Final Exam Paper Mathematics Set 1 (Solutions)

Maximum Marks: 80
Time: 3 Hours

General Instructions:
(i) All questions are compulsory.
(ii) Marks for each question are indicated against it.
(iii) Section A consists of 12 MCQs carrying 1 mark each.
(iv) Section B consists of 12 questions carrying 2 marks each.
(v) Section C consists of 8 questions carrying 3 marks each.
(vi) Section D consists of 5 questions carrying 4 marks each.
(vii) Use of calculators is not allowed.

Syllabus: The Final Examination is based on the following chapters: Geometric Twins, Operations with Integers, Finding Common Ground, Another Peek Beyond the Point, Connecting the Dots..., Constructions and Tilings, and Finding the Unknown.

Section A (12 × 1 = 12 Marks)

Q1. Figures that are exact copies of each other or have the same shape and size are said to be:
(a) Parallel
(b) Factors
(c) Congruent
(d) Outliers

Ans: (c) Congruent
Figures having the same shape and the same size can be placed exactly over one another.

Q2. What is the value of 5 + (-7)?
(a) 12
(b) -2
(c) 2
(d) -12

Ans: (b) -2
Start from 5 on the number line and move 7 units to the left to reach -2.

Q3. The Highest Common Factor (HCF) of 12 and 16 is:
(a) 2
(b) 4
(c) 6
(d) 48

Ans: (b) 4
Common factors of 12 and 16 are 1, 2, and 4. The greatest among them is 4.

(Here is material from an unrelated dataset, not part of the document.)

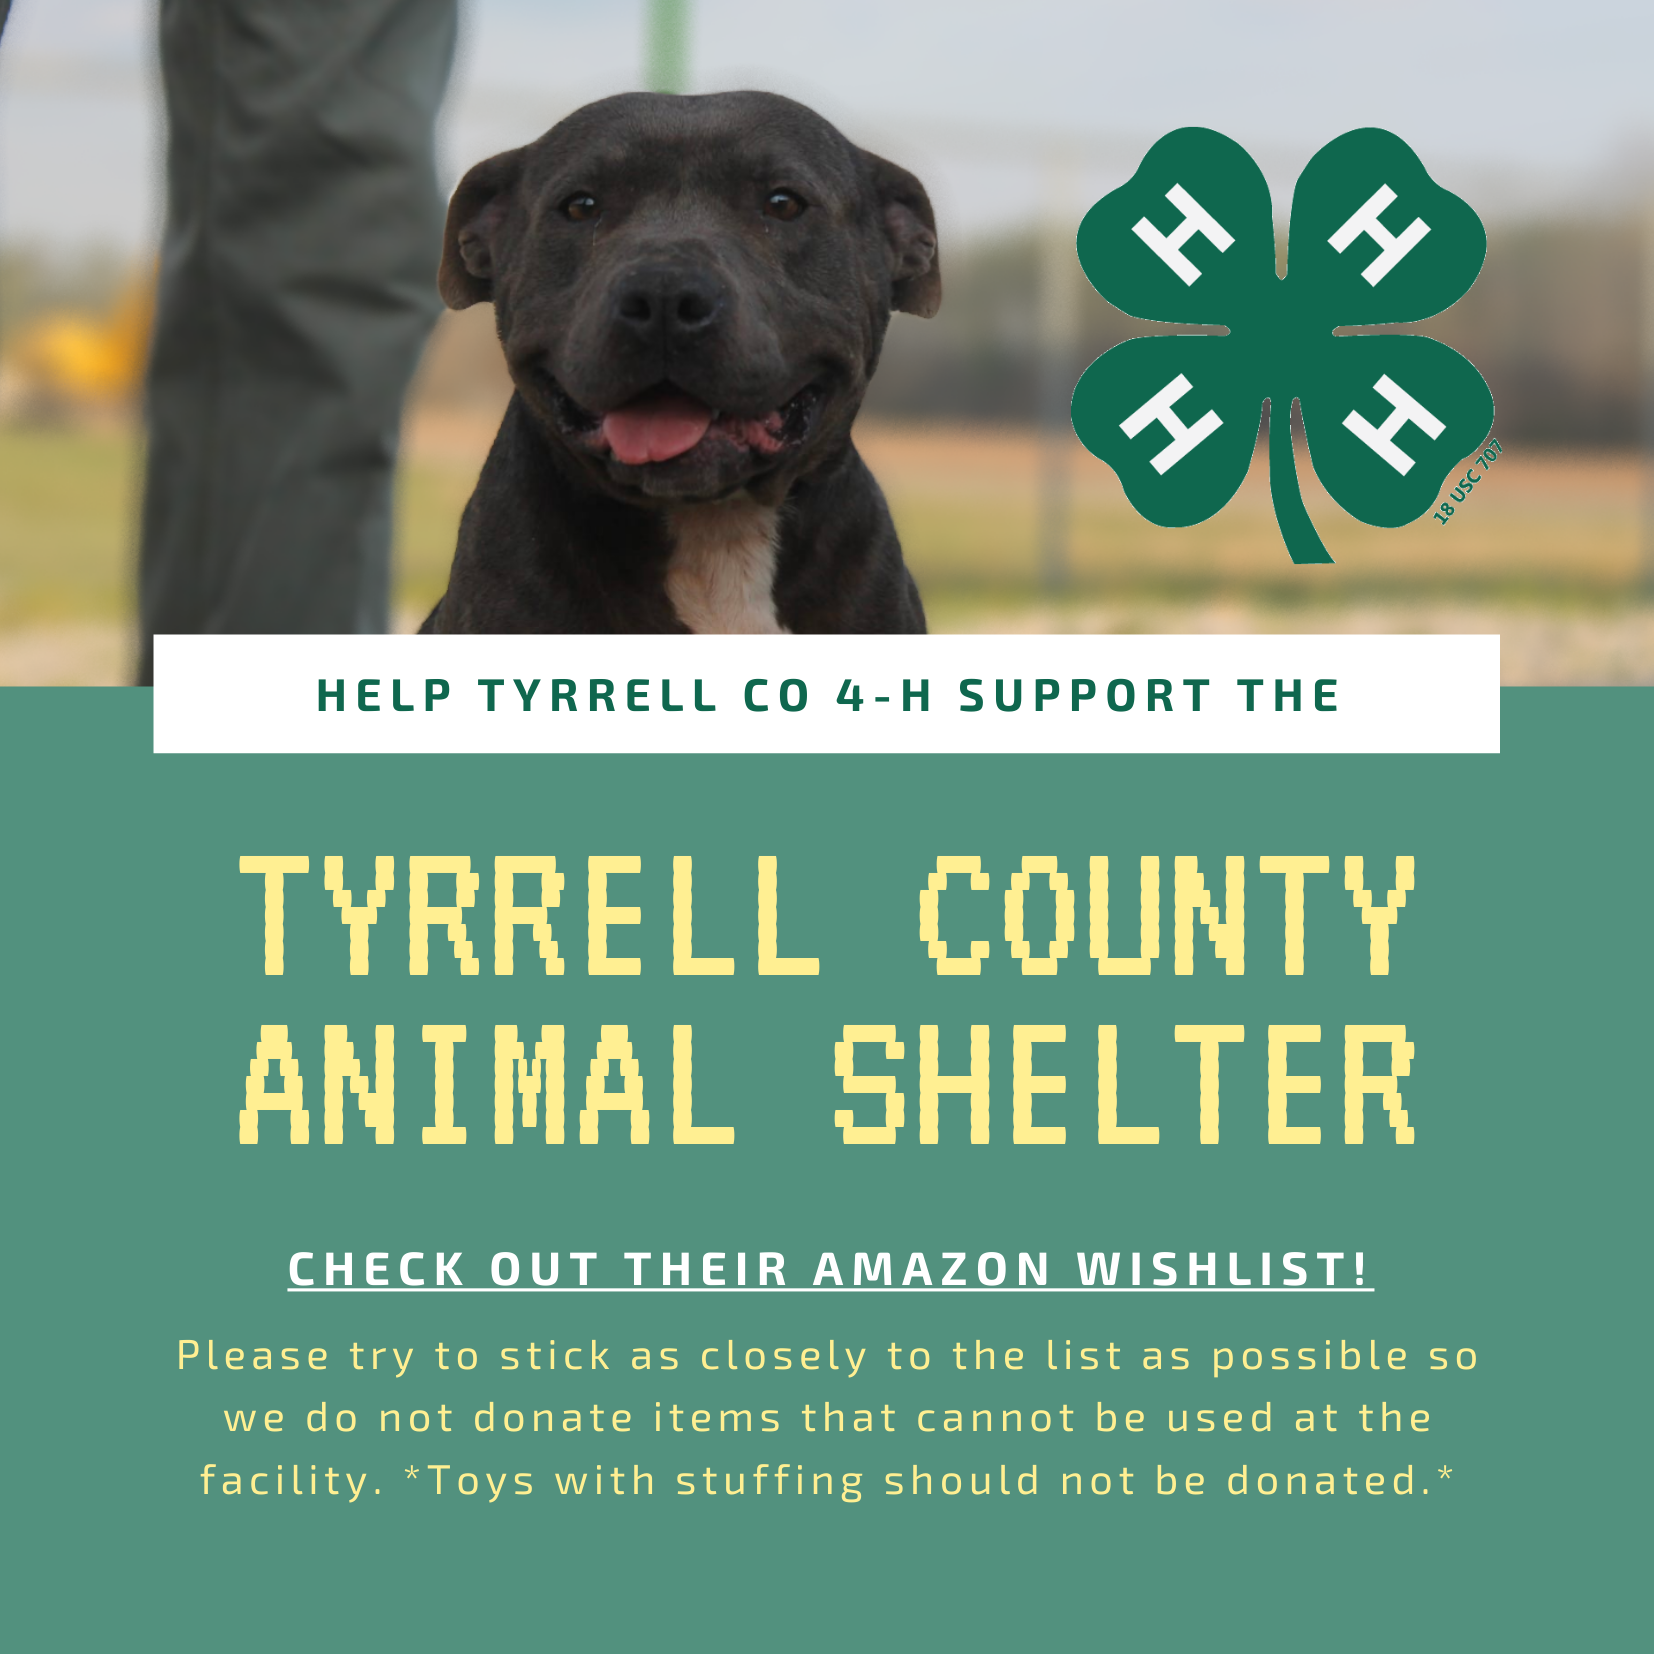 Help Tyrrell County 4-H support the Tyrrell County Animal Shelter

Q4. To multiply 5.96 by 24.8, the product will have how many decimal places?
(a) 1
(b) 2
(c) 3
(d) 4

Ans: (c) 3
5.96 has two decimal places and 24.8 has one decimal place. Their sum is 3.

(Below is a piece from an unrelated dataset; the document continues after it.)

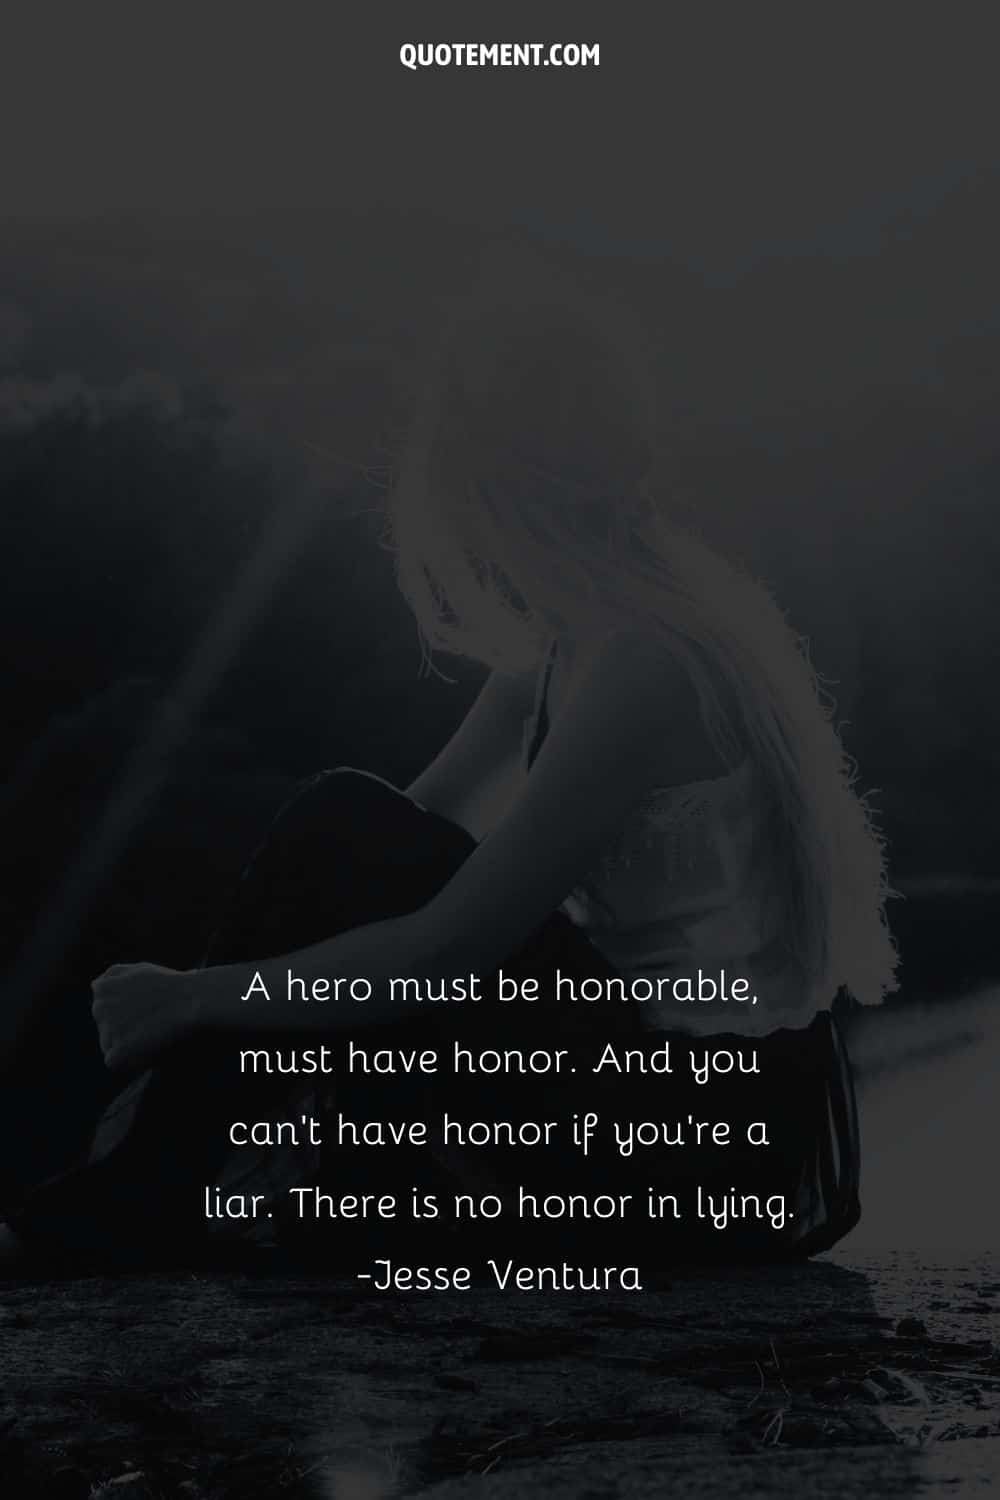 A hero must be honorable, must have honor. And you can’t have honor if you’re a liar. There is no honor in lying

Q5. The arithmetic mean is also known as:
(a) Median
(b) Outlier
(c) Average
(d) Mode

Ans: (c) Average
Arithmetic mean is obtained by dividing the total by the number of values.

Q6. What is the value of n in 2n + 1 = 9?
(a) 4
(b) 5
(c) 8
(d) 10

Ans: (a) 4
Subtract 1 from both sides: 2n = 8. Divide by 2 to get n = 4.

Q7. Which congruence condition involves two sides and the angle between them?
(a) SSS
(b) ASA
(c) SAS
(d) RHS

Ans: (c) SAS
When two sides and the included angle are equal, the triangles are congruent.

Q8. The product of (-4) × (-2) is:
(a) -8
(b) 8
(c) -6
(d) 6

Ans: (b) 8
The product of two negative numbers is always positive.

Q9. What is 3.9 ÷ 10?
(a) 39
(b) 0.039
(c) 0.39
(d) 3.90

Ans: (c) 0.39
Dividing by 10 shifts the decimal one place to the left.

Q10. A value that differs greatly from other values in a data set is called:
(a) Median
(b) Mean
(c) Outlier
(d) Range

Ans: (c) Outlier
An outlier lies far away from the majority of data values.

Q11. A 60° angle can be constructed using which triangle?
(a) Isosceles
(b) Right-angled
(c) Equilateral
(d) Scalene

Ans: (c) Equilateral
All angles of an equilateral triangle measure 60°.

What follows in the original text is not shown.